TOKYO 2020: Experts reveal the meaning behind the victory bouquets 

  • The Tokyo 2020 mascots

At the Tokyo 2020 Olympics and Paralympics medalists are awarded with a victory bouquet and Interflora reveal the deeper meaning behind the chosen flowers.

All of the flowers used for the bouquets for Tokyo 2020 are grown mainly in areas affected by the Great East Japan Earthquake in 2011 and the Olympic and Paralympic games present a vital opportunity to promote these areas to a worldwide audience. There will be over 5,000 victory bouquets presented to medalists from all over the world throughout the Olympic and Paralympic games and photographs of them will stay alive in the hands of winning athletes forever.

Additionally, each bouquet will include either the Olympic or Paralympic mascot, a token or keepsake athletes can take home with them long after they keep their bouquets.

The meaning behind each flower

Vicky Salmon, head florist at Interflora comments, 'The beautiful bouquets being presented to the medalists at Tokyo 2020 have a deeper meaning and have been chosen carefully by the Olympic organisers in Japan. The victory bouquets include eustomas and Solomon’s seals which have been grown in Fukushima, sunflowers from Miyagi, gentians from Iwate, and aspidistras from Tokyo. The organisers have also spent time on the arrangement itself, with all flowers being arranged in a balanced way so each of the flowers can be seen from whichever angle the athletes hold them at during their celebrations.

The flowers have been cut with shorter stems and sit within a small bag of water in gel form to keep them fresh for as long as possible. This method should allow the flowers to stay beautiful for around 7 days.'

According to the Olympic committee, the Japanese organisers have chosen each flower for a specific reason:

The eustomas have been grown and produced in the prefecture of Fukushima, which was drastically affected by the Great East Japan Earthquake and subsequent nuclear disaster. After the agricultural industry was halted and destroyed Fukushima established a non-profit organisation to grow flowers in a bid to fuel the hope of recovery.

The sunflowers used have been grown in Miyagi. Parents who lost children to the earthquake returned to the area to plant sunflowers on the hill where children sought safety from the tsunami. As such the hill becomes covered with sunflowers every year and the yellow flower has become a symbol for the people of Miyagi who were affected by the disaster in 2011.

Iwate Prefecture is widely known for its production of gentians, which make up the third flower included in the bouquet. Over half of the gentians produced in Japan come from Iwate, making it synonymous with the region, additionally, its Indigo blue colour is the same as the Tokyo 2020 Games emblem making it even more symbolic for the games.

Finally, aspidistras make up the final flower in the bouquet.
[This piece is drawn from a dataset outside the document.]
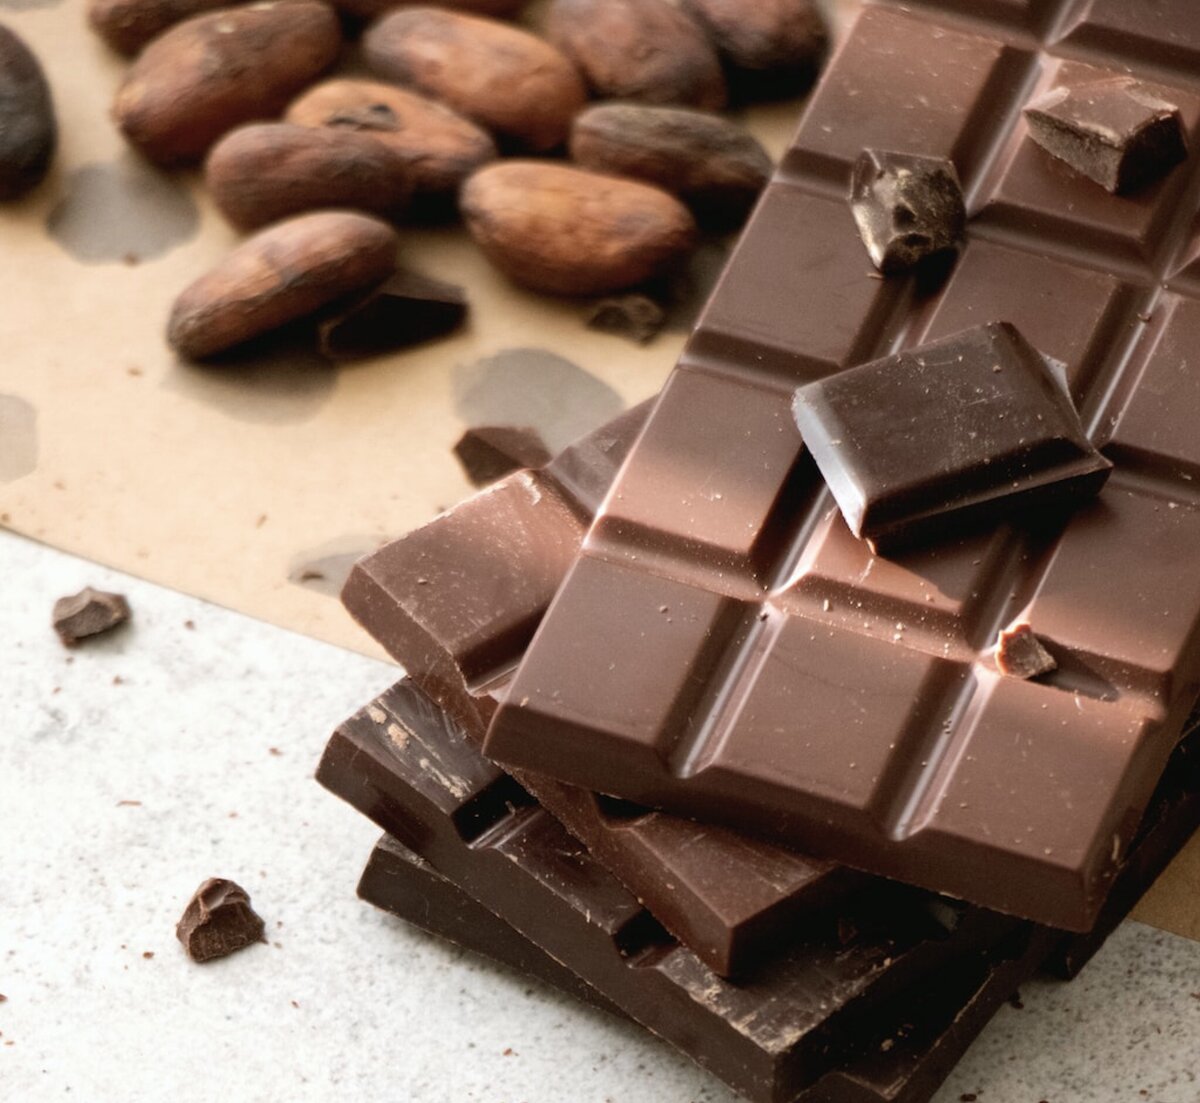 Можно ли приготовить шоколад дома?

These flowers have been grown in the host city of Tokyo and place the home of the 2020 Olympics right into the hands of the athletes who succeed there.

The Tokyo 2020 mascots 

Both the Olympic and Paralympic mascots have also been included in the bouquets, with medalists receiving a small version of them attached to the victory flowers.

The Olympic mascot MIRAITOWA has been chosen to represent both Japans tradition and its future. The name is based on the Japanese words "mirai", meaning “future”, and "towa", meaning “eternity”.

The Paralympic mascot has been chosen due to its representation of strength. The name SOMEITY comes from "Someiyoshino" — a popular type of cherry blossom — and the phrase "so mighty". SOMEITY can show enormous mental and physical strength, representing Paralympic athletes who overcome obstacles and redefine the boundaries of possibility.